### Information given

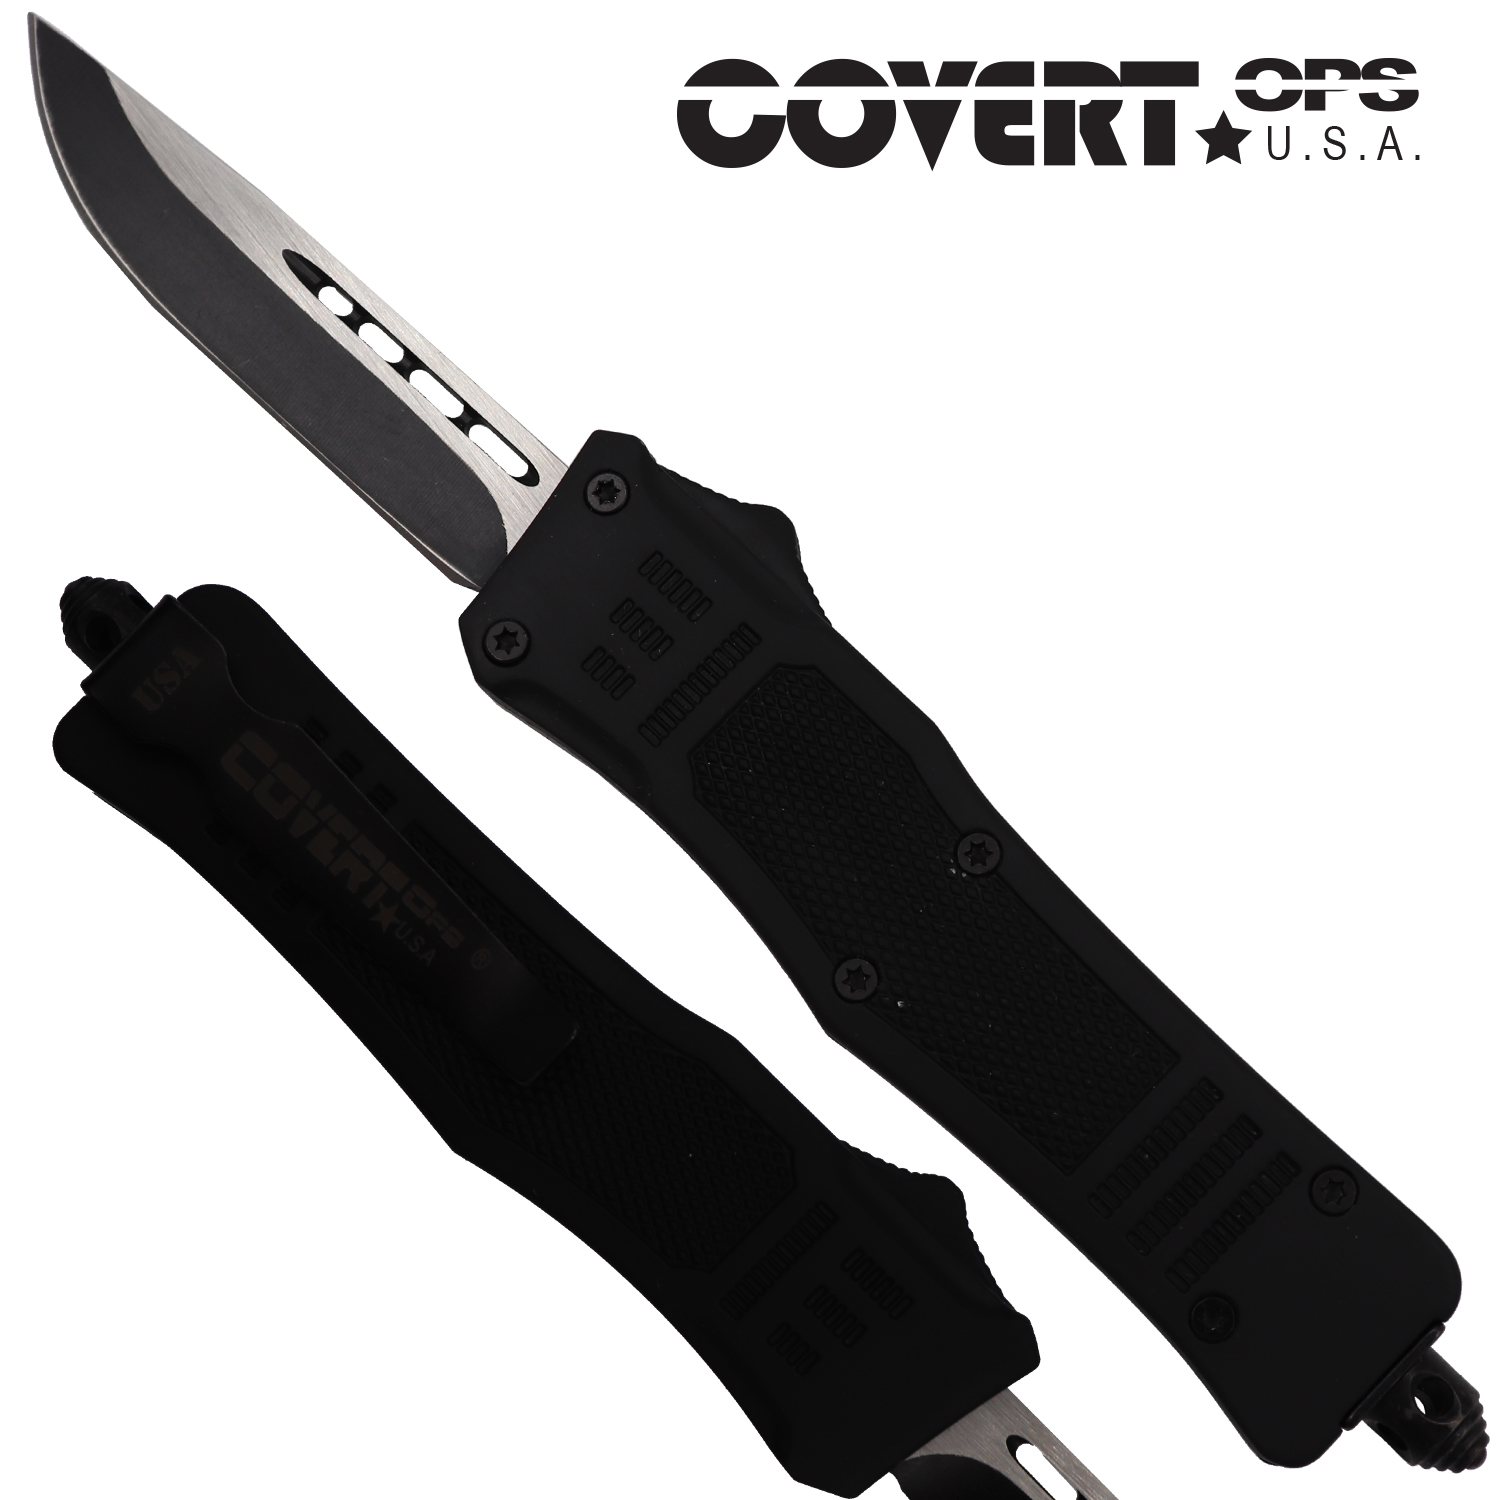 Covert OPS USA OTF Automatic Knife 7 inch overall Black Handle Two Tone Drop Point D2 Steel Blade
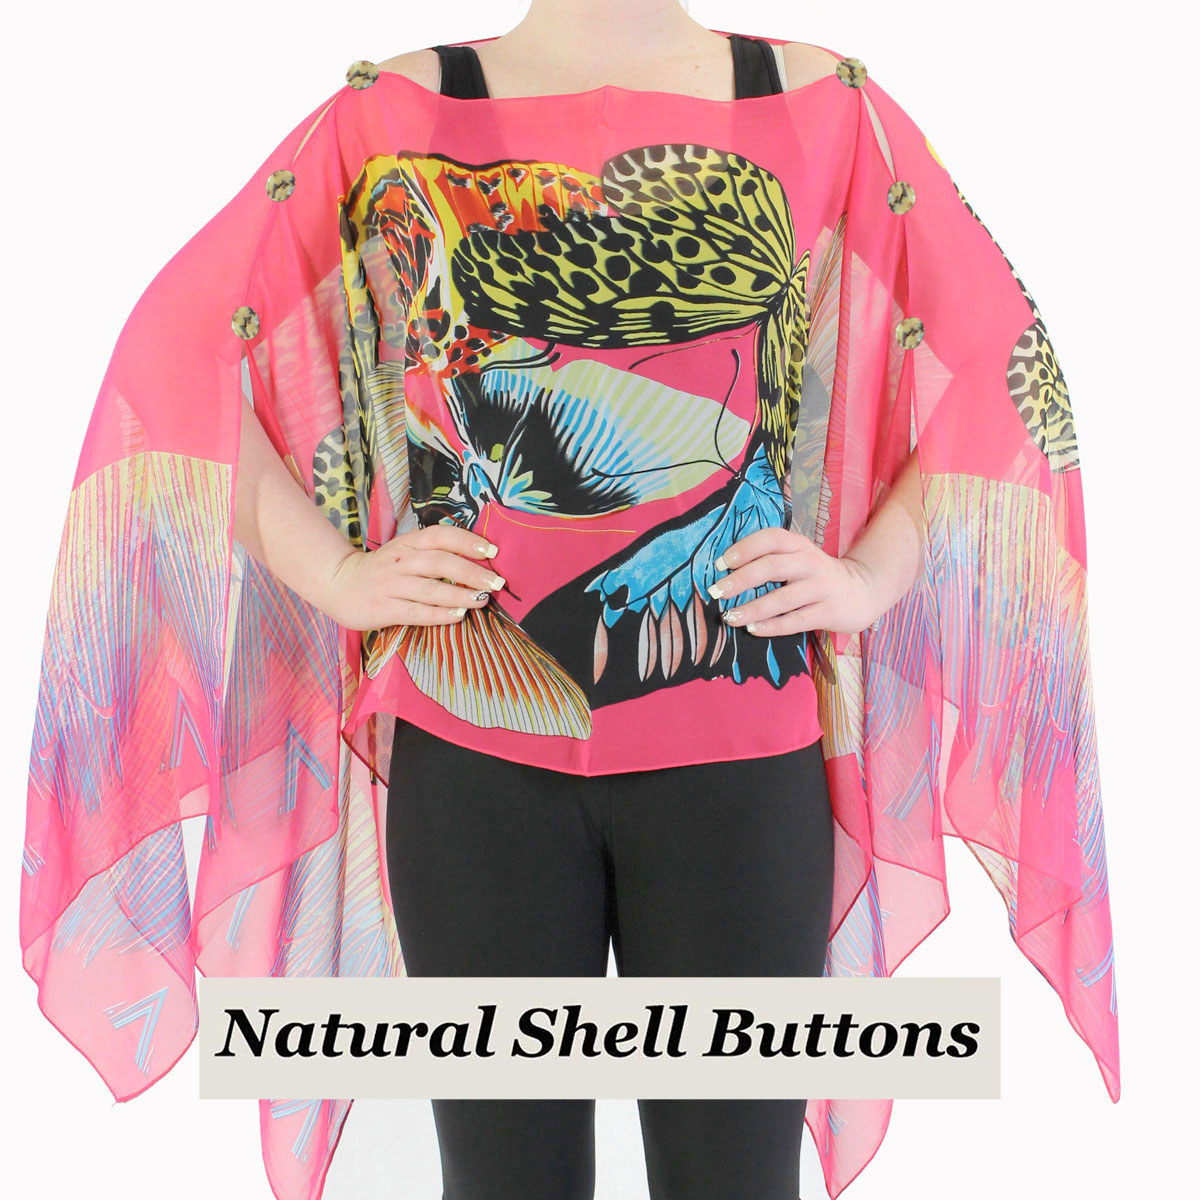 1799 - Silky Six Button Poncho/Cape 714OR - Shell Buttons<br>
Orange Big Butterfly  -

==

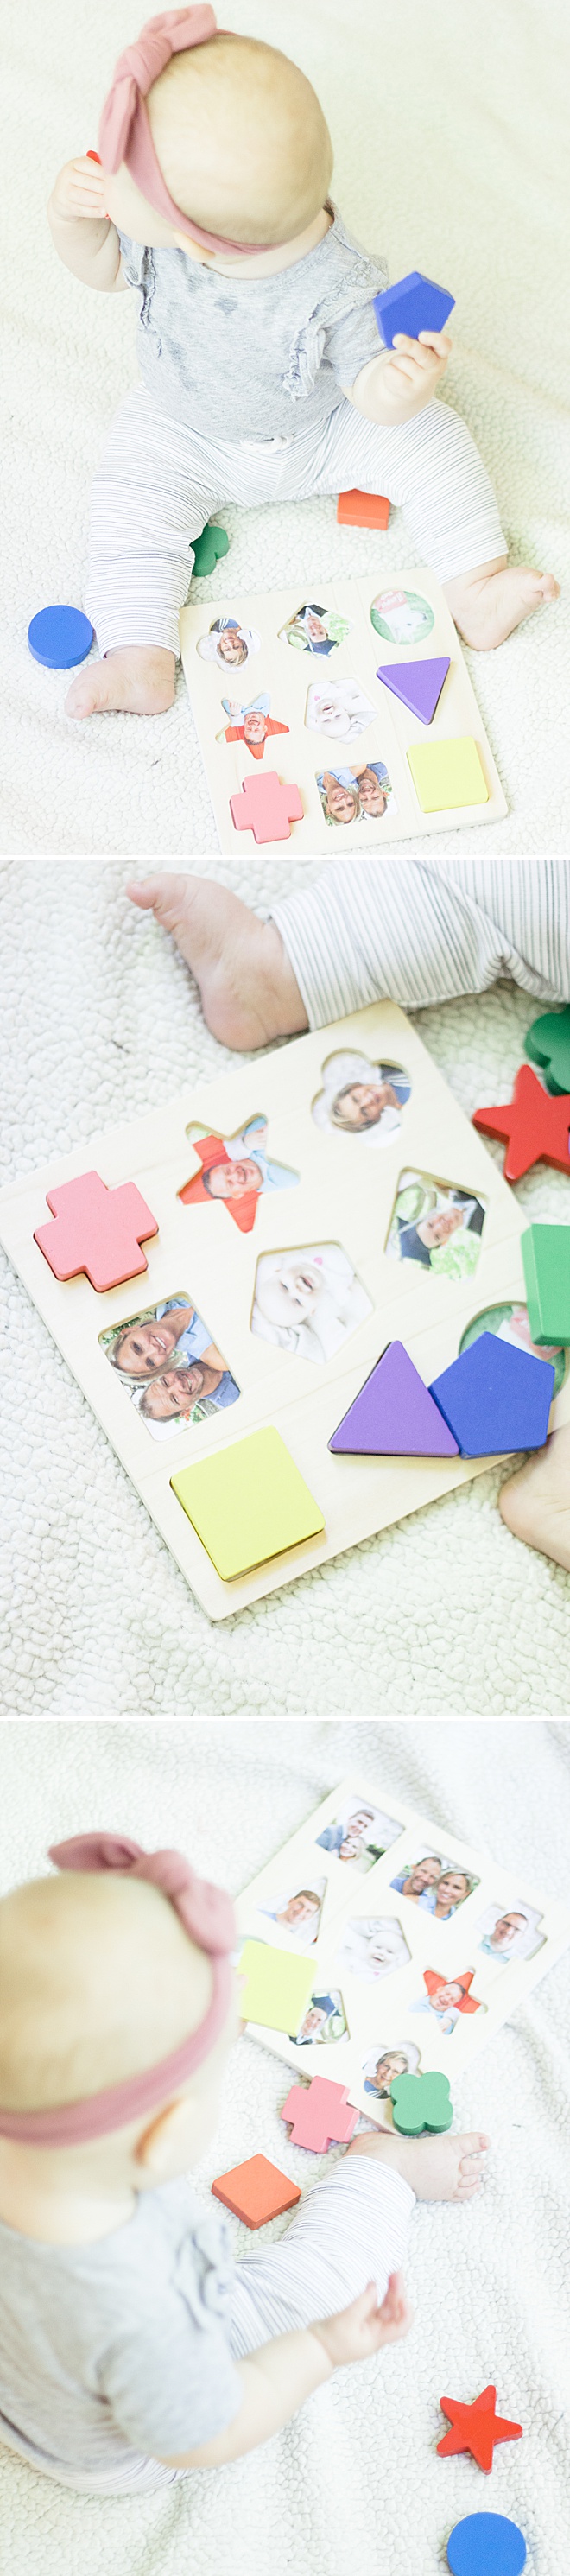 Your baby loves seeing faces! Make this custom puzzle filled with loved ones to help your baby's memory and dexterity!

==

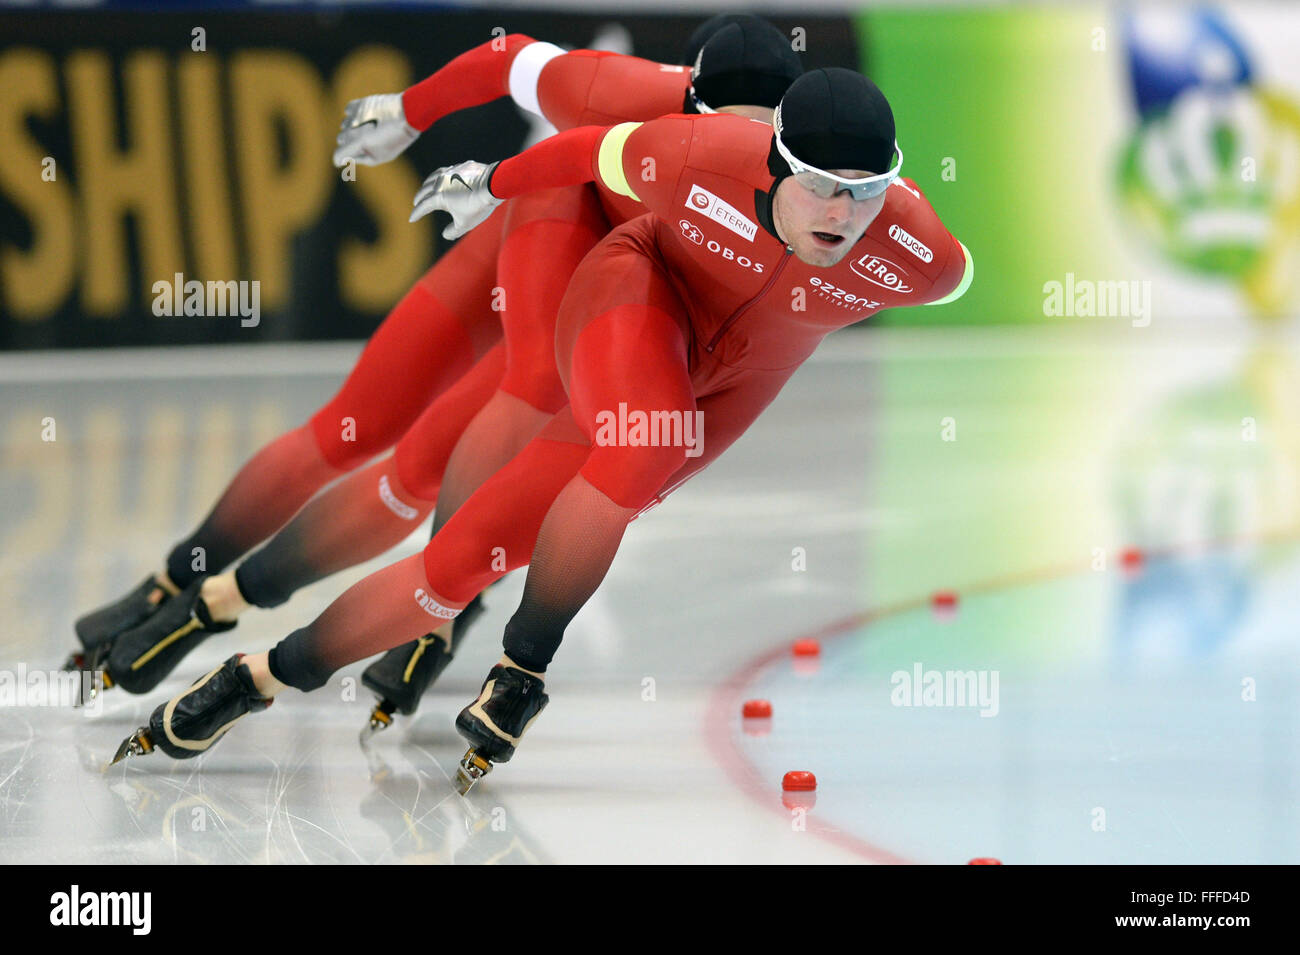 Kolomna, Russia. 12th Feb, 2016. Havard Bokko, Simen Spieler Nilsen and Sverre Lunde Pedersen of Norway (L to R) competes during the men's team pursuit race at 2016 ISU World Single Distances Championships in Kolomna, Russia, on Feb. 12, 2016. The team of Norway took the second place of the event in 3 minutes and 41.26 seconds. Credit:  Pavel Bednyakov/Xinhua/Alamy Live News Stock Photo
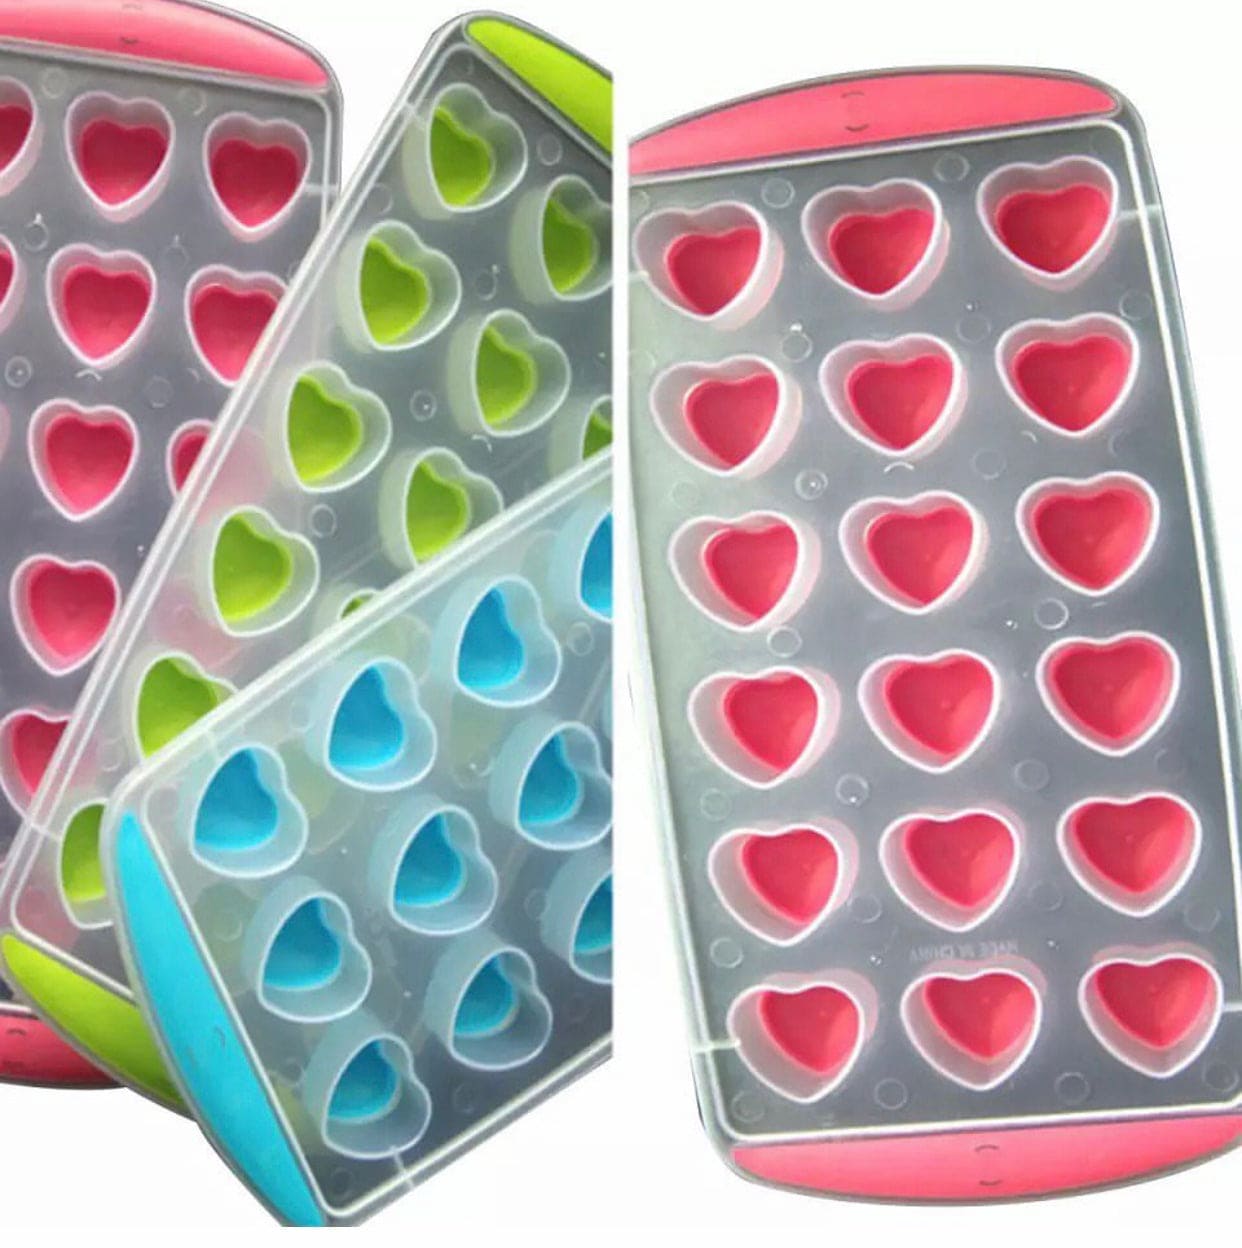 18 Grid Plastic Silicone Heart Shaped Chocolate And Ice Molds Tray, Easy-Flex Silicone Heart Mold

### Exercise details
Give exactly the lines above that run from the line with "Covert OPS USA" to the line with "Orange Big Butterfly", both included, leaving every picture out.

### Reply
 Covert OPS USA OTF Automatic Knife 7 inch overall Black Handle Two Tone Drop Point D2 Steel Blade
 1799 - Silky Six Button Poncho/Cape 714OR - Shell Buttons<br>
Orange Big Butterfly  -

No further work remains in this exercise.